Currently, with using mod_alias RedirectPermanent, requesting any one of these "redirected" URLs will also exhibit similar behaviour. eg. Request /free-project-management-certification/ and you will be externally redirected to /projectmanagement/?free-project-management-certification/ due to earlier rewrites (regardless of whether you request HTTP or HTTPS initially).

I assume these are intended to be 1 to 1 redirects. (Although the RedirectPermanent directive is strictly a many to many redirect due to its prefix-matching nature.)

For example:

RewriteRule ^free-project-management-certification/$ /projectmanagement/ [R=301,L]
RewriteRule ^free-scrum-master-certification/$ /scrummaster/ [R=301,L]
RewriteRule ^product-owner-certification/$ /productowner/ [R=301,L]
RewriteRule ^human-resources-management-certification/$ /humanresources/ [R=301,L]
RewriteRule ^product-management-certification/$ /productmanagement/ [R=301,L]
RewriteRule ^project-management-certification/$ /projectmanagement/ [R=301,L]

UPDATE: If you include these redirects at the very top of the file then you could include a full absolute URL (as you did initially) for the target URL, to avoid multiple redirects when requesting the non-canonical HTTP or www subdomain. eg. https://example.com/projectmanagement/.

You will need to clear your browser cache before testing.
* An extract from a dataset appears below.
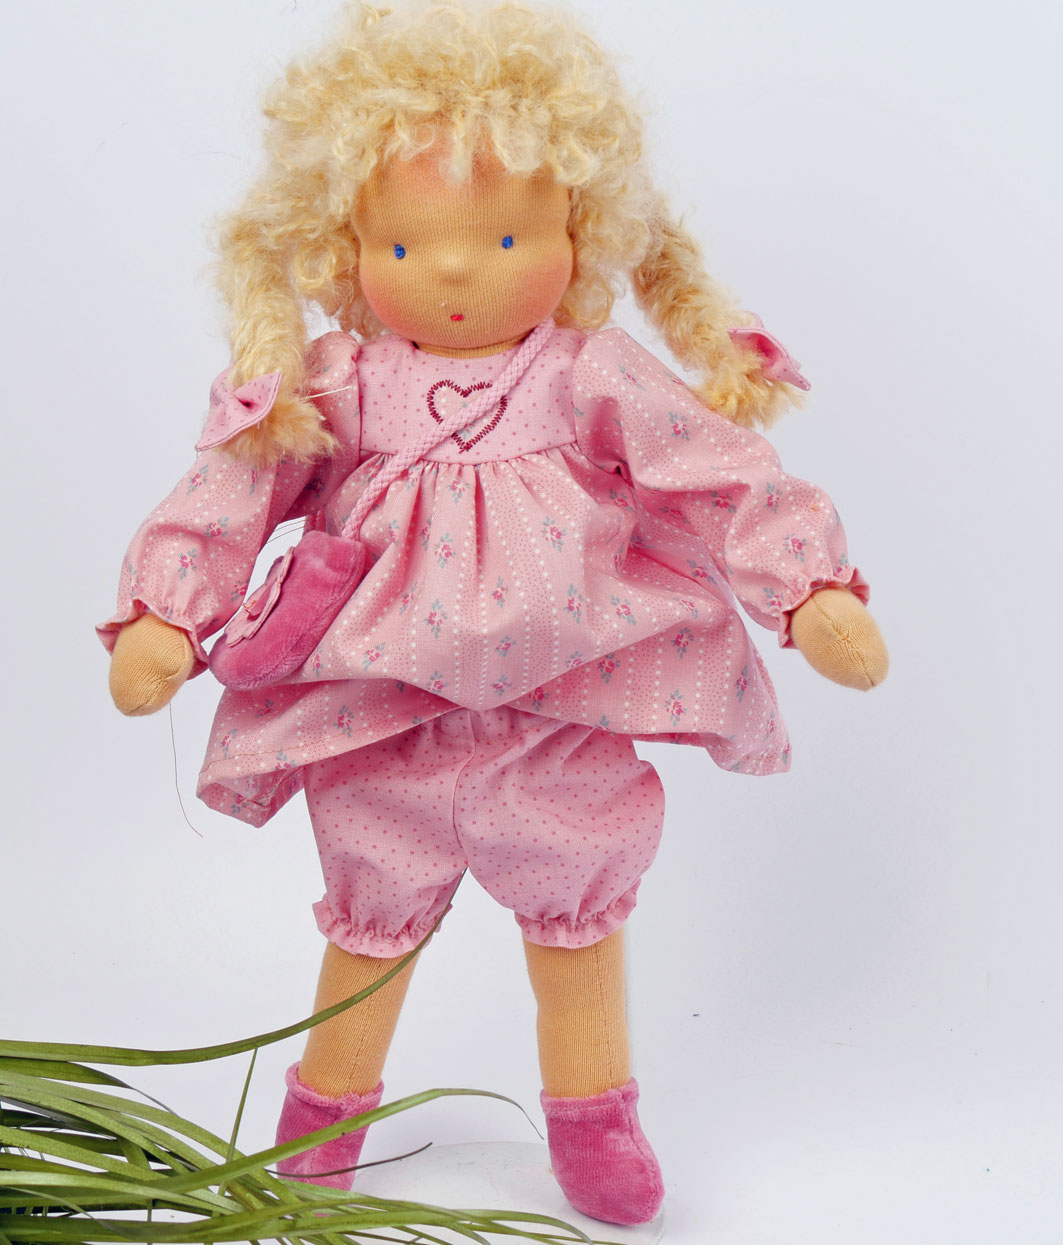 Kleiderset/Nähset für Bekleidung einer 30 cm Puppe, rosa Prinzessin mit Blümchen-Applikation, Schnitte und Anleitung incl. Stoff

Test with 302 (temporary) redirects and/or with browser caching disabled to avoid potential caching issues.

Additionally, if you would like to do some further testing, give the htaccess tester tool a try. It allows you to specify a certain URL as well as the rules you would like to include and then shows which rules were tested, which ones met the criteria, and which ones were executed.